We left Seth at the end of a successful police pursuit and Amaya in the office waiting to hear back from the men she had directed in the field.


Amaya had been confident as she gave orders. When she had chosen Forks she had memorized the town's maps and on arriving had planned her escape from any place she might venture to. She knew how to get out and which path would leave her cornered. So long as she didn't have time to consider it, she remained confident in her judgments. However, as time wore on and nothing came over the radio, the seed of doubt was sewn.

What if she'd guessed wrong and the thief took a different route? What if someone got hurt because she was overconfident and miscalculated?

Amaya reorganized the stack of papers on her desk. She reorganized Charlie's desk. The files. The store room.

She wanted to check in with the guys but she didn't want to distract them. If they had changed course, surely someone would have called in for advising a new plan of action?

-=-Anne?

"I'm here, what do you need?"

When had Seth Clearwater's voice become so reassuring?

-=-I'm bringing him in. Could you get the holding cell ready please?

"Sure thing."

-=-ETA is seven minutes.

It would be extremely unprofessional for her to ask for a head count.

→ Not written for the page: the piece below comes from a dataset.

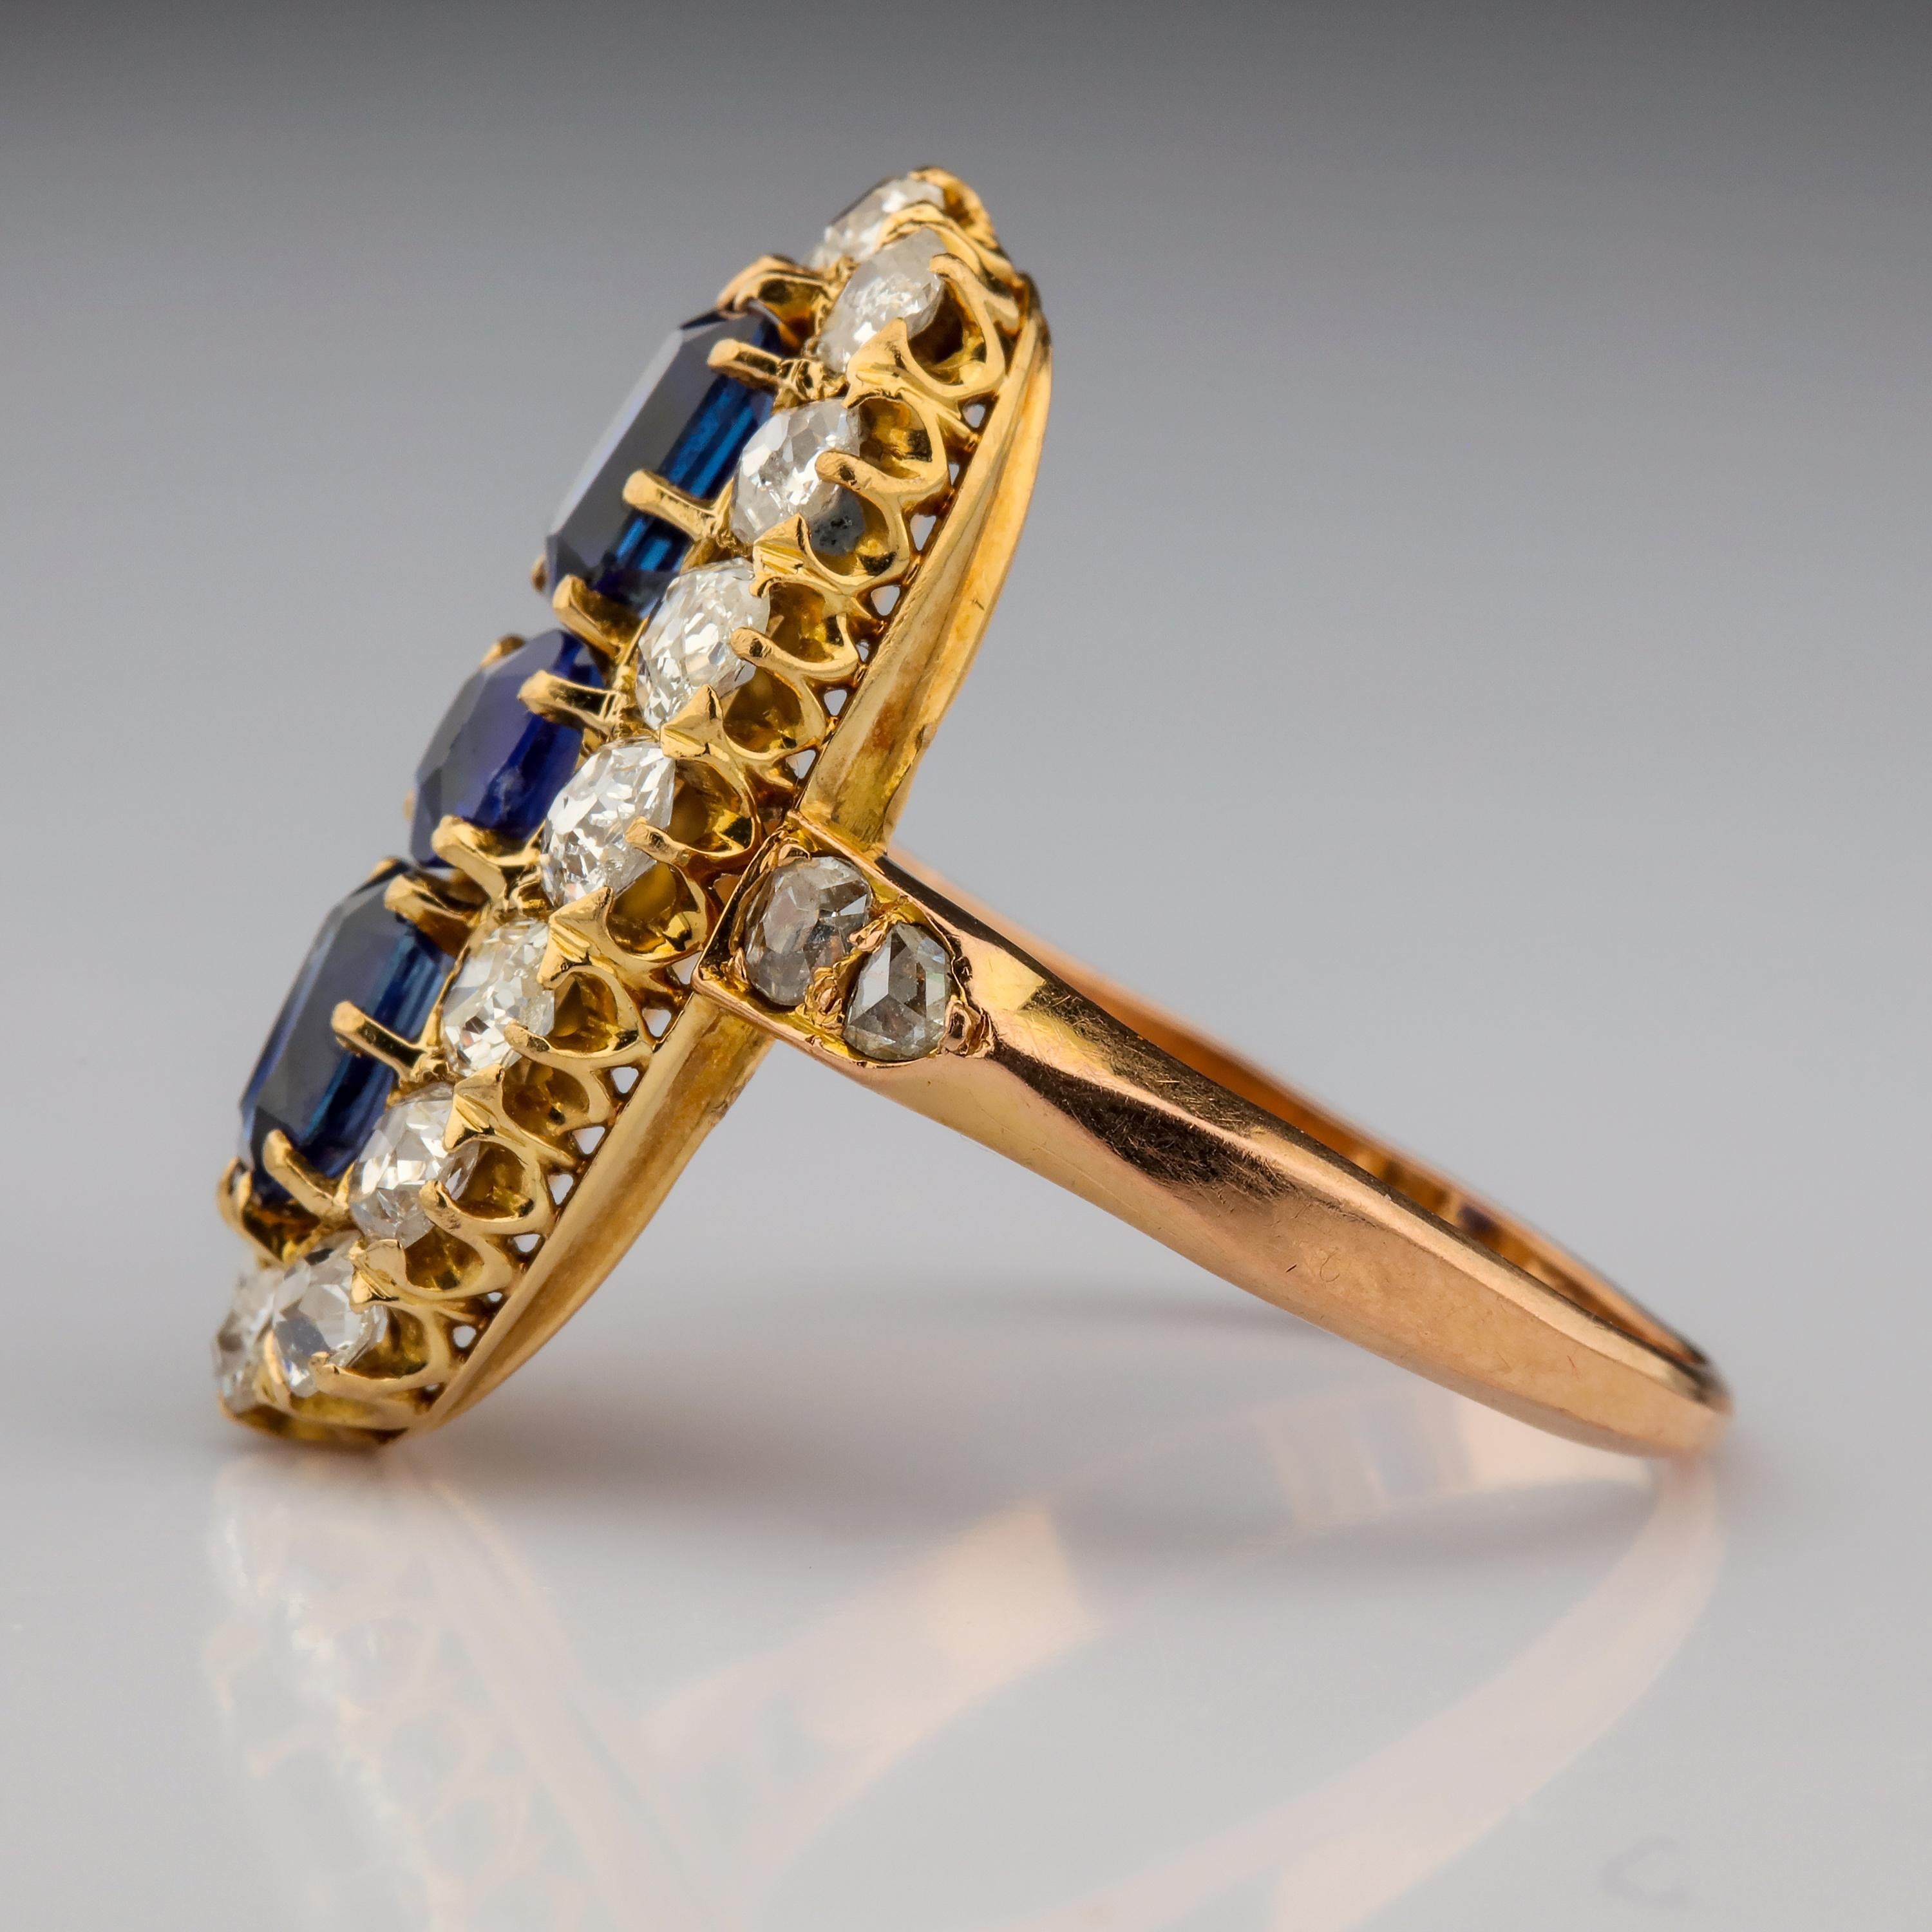 Baguette Cut Sapphire and Diamond Ring GIA Certified No-Heat Edwardian Era

She knew now that they had gotten their man. She could wait to see if anyone was hurt. Seth would have told her if someone was, right?


Seth pulled his cruiser around to the back of the station and hauled the punk to his feet. He frog-marched the guy through the back door and into the waiting cell. He was cussing and fighting the whole way but Seth was stronger than he looked and didn't have too much trouble.

Anne was nowhere in sight when he had finished locking the cell and removing the guy's cuffs. He wandered into the office and the reception area. He checked the bathroom.

A noise from the supply closet led him to her. He watched her struggling to lift a box of paper down from a shelf above her head. Seth caught her when her ankle gave out and the box threatened to cave in her skull.

"Whoa, easy there; are you okay?" "I'm fine." Anne pushed her rescuer away and stepped back. He put the box where she pointed.

"How did everything go?" "Smooth." "Then why did he come back in your car instead of Tony's or Charlie's?" "The guy drove like he was following your directions but when he realized he was trapped, he tackled Charlie and the old man threw out his back picking him up and tossing him. It's nothing to worry about. Tony drove the Chief to the hospital."

The breath she'd been holding went out of her in a long stream. Had she been worried about them?

Anne went to a filing cabinet that had been buried in crap that morning, and pulled out a stack of forms. Incident reports were placed in everyone's "in" box, as well as a workman's comp form for Charlie.

"Well, aren't you on top of everything?" "Do what needs done when it needs doing. Fill out your report while I book our thief." "You're going to book him?" "I've read the manual. Hurry up with that paperwork. You should have been out patrolling thirty minutes ago."

She didn't linger. She took paperwork and a clipboard with her, gathering the fingerprinting kit on her way. She fully expected him to do as she said, for all that she had worked there for one day.

There was no point interrupting her so Seth sat down and dug into his paperwork. It was as tedious and mind-numbing as ever. His thoughts kept straying. His wolf hearing let him catch the conversation in the other room.